Work required
Except for images, print the whole listing verbatim.

Data extract
++++

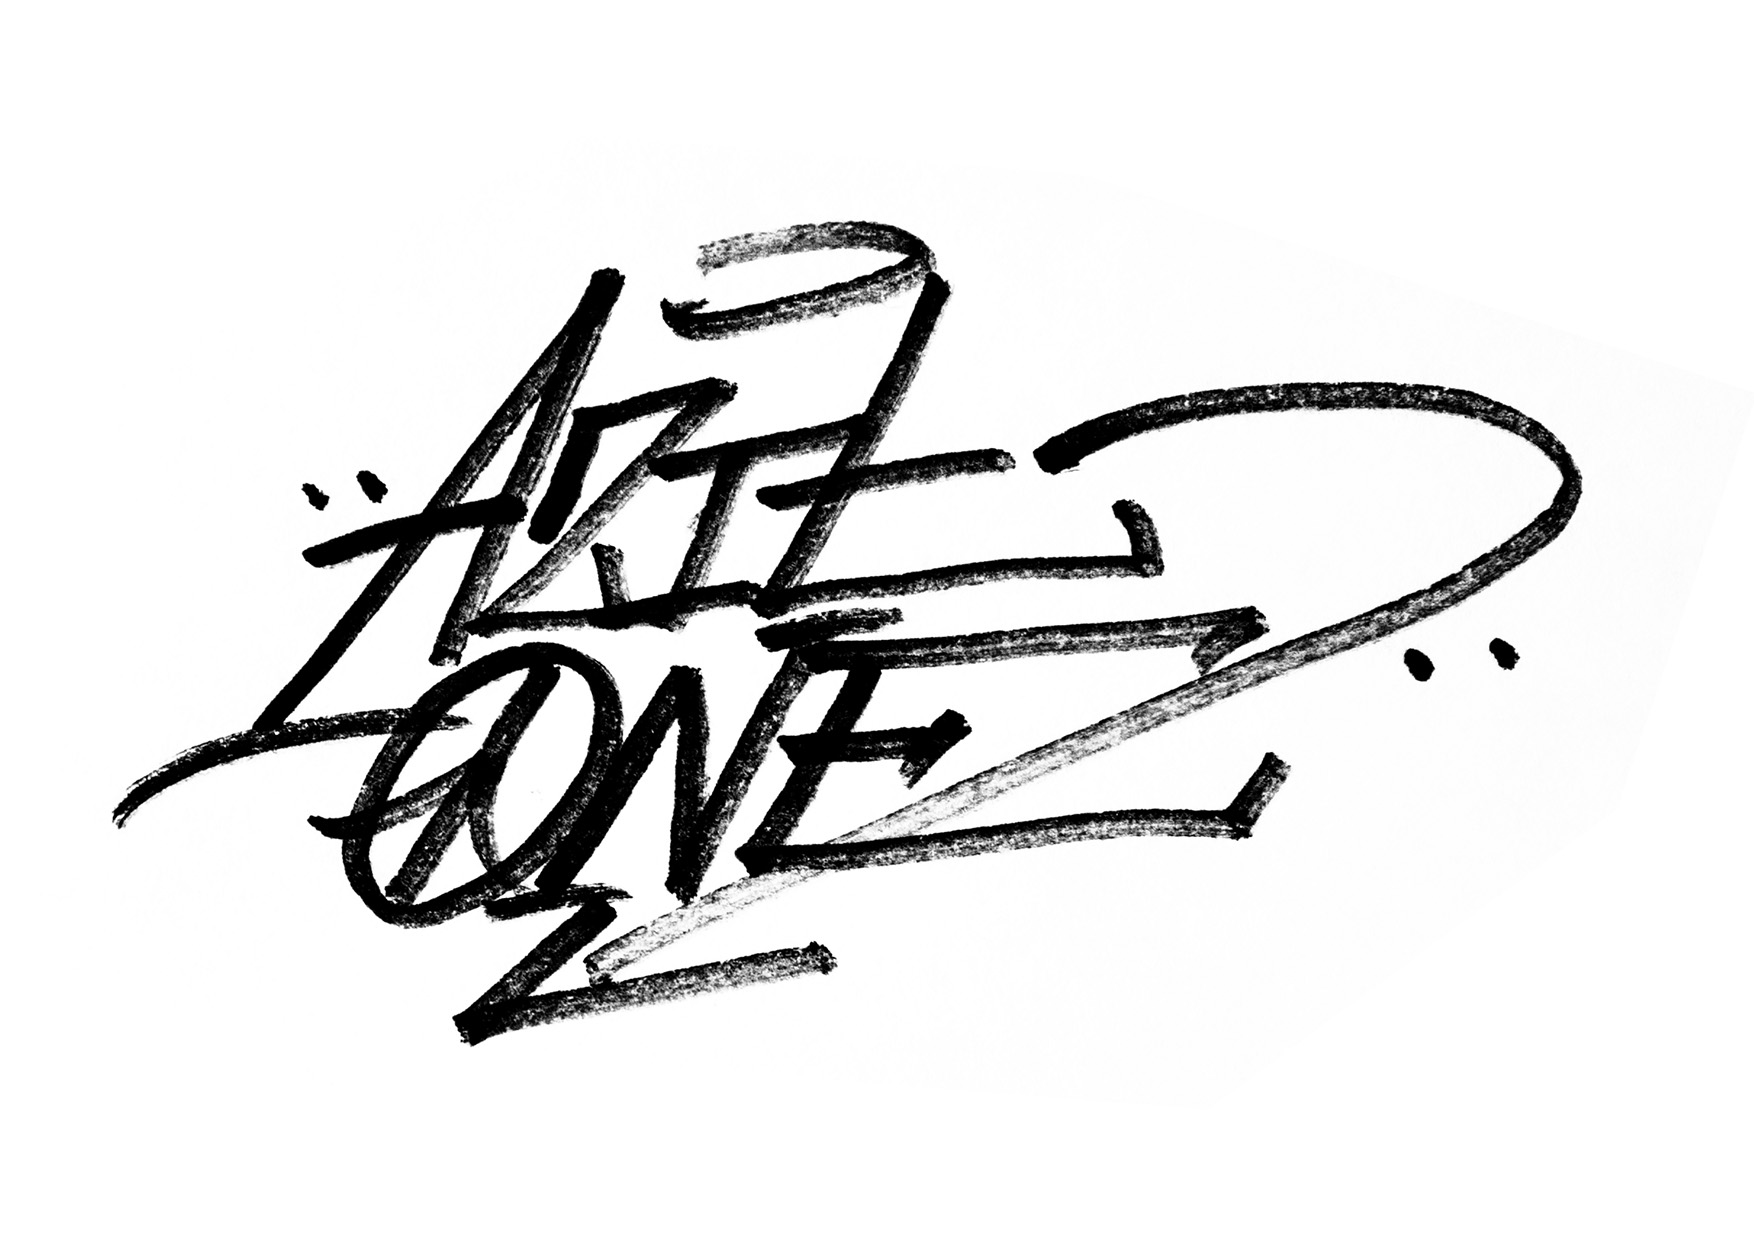 Graffiti Writer AZIT tag
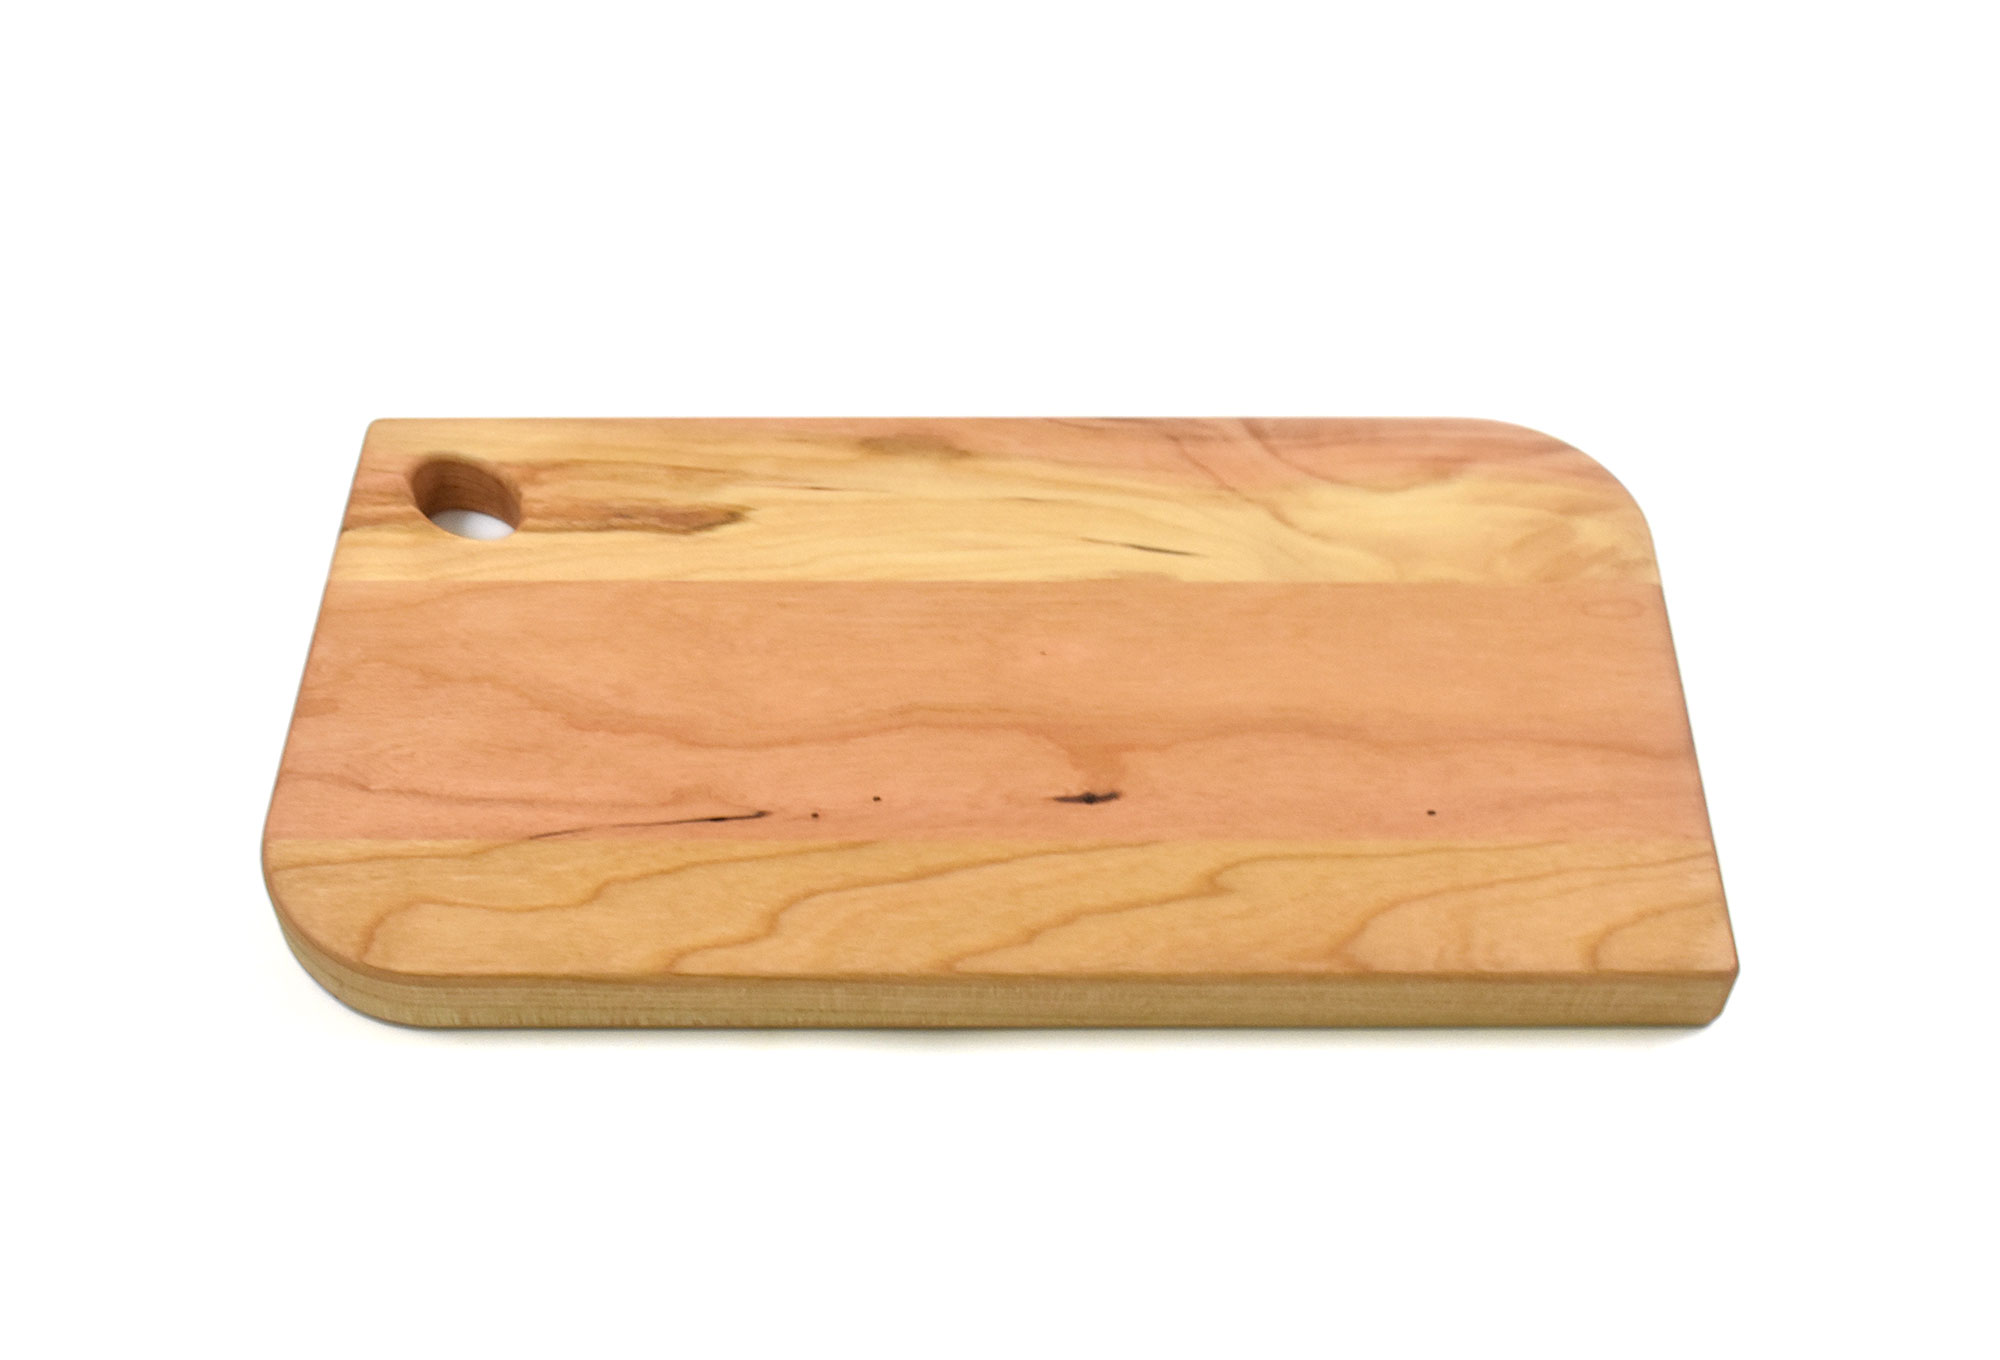 Small rectangular charcuterie board
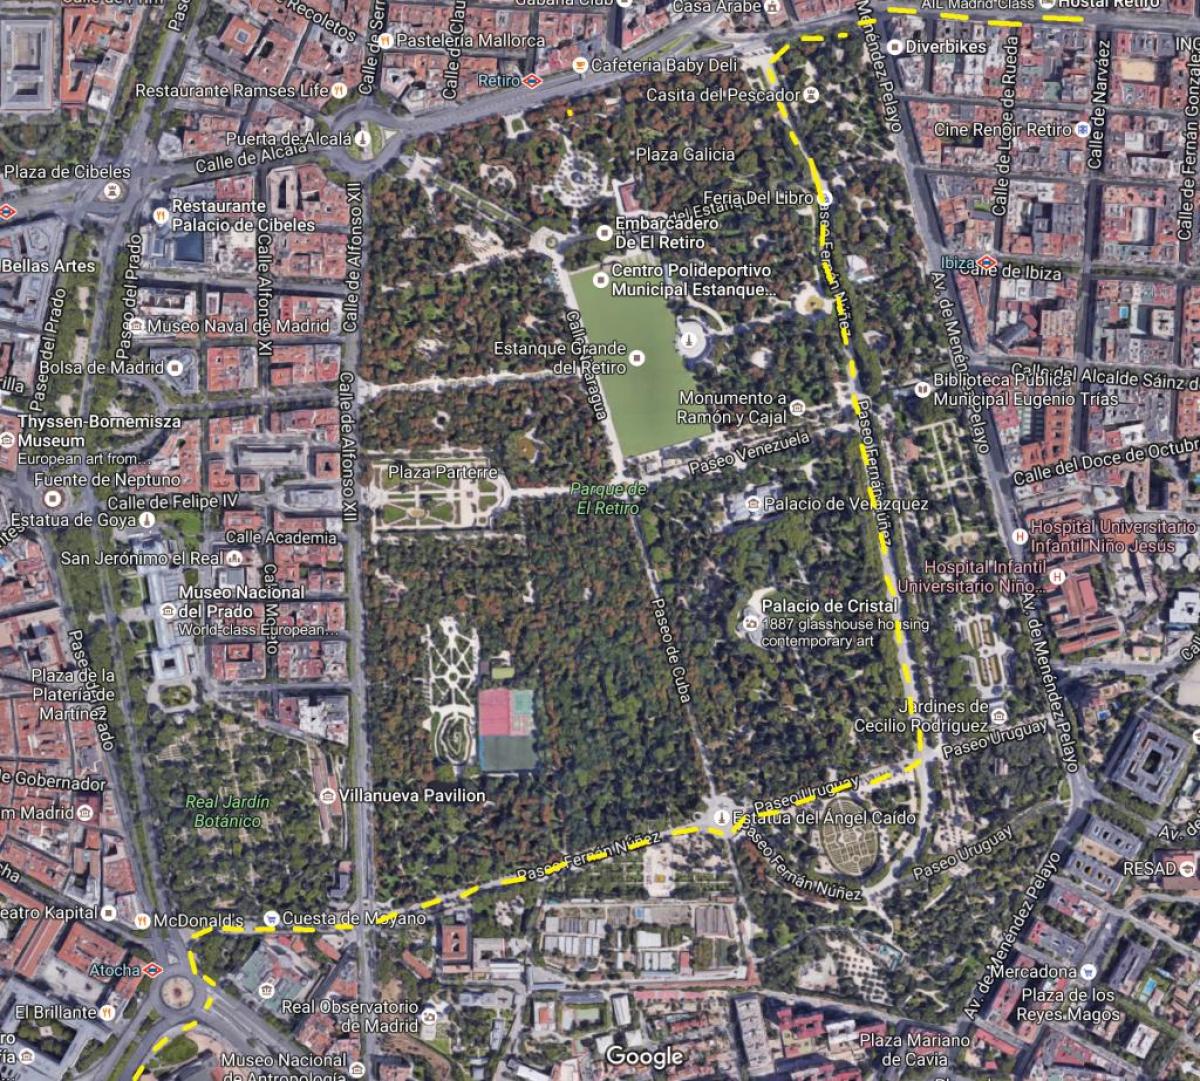 retiro park, di Madrid peta
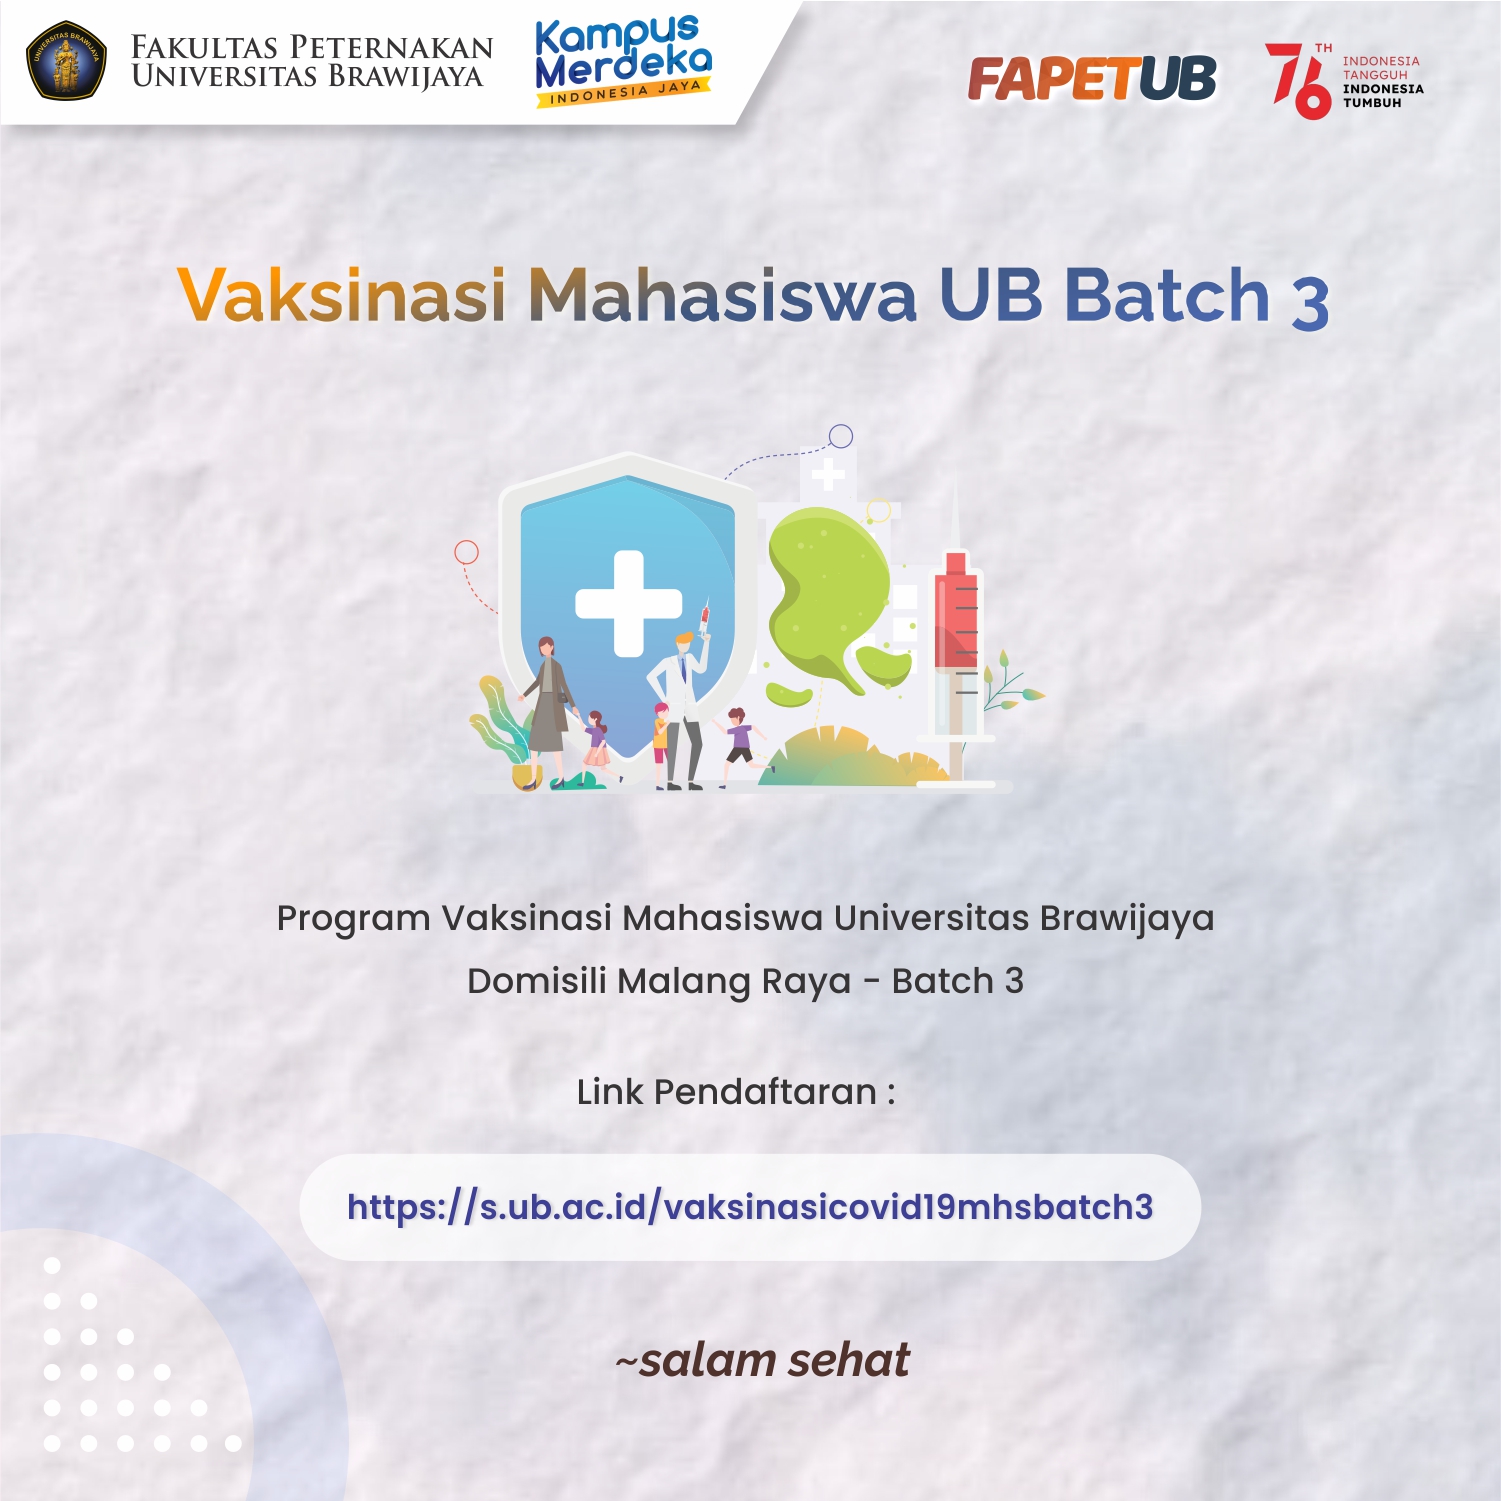 Program Vaksinasi Mahasiswa Universitas Brawijaya Batch 3

++++

Expected answer
 Graffiti Writer AZIT tag
 Small rectangular charcuterie board
 retiro park, di Madrid peta
 Program Vaksinasi Mahasiswa Universitas Brawijaya Batch 3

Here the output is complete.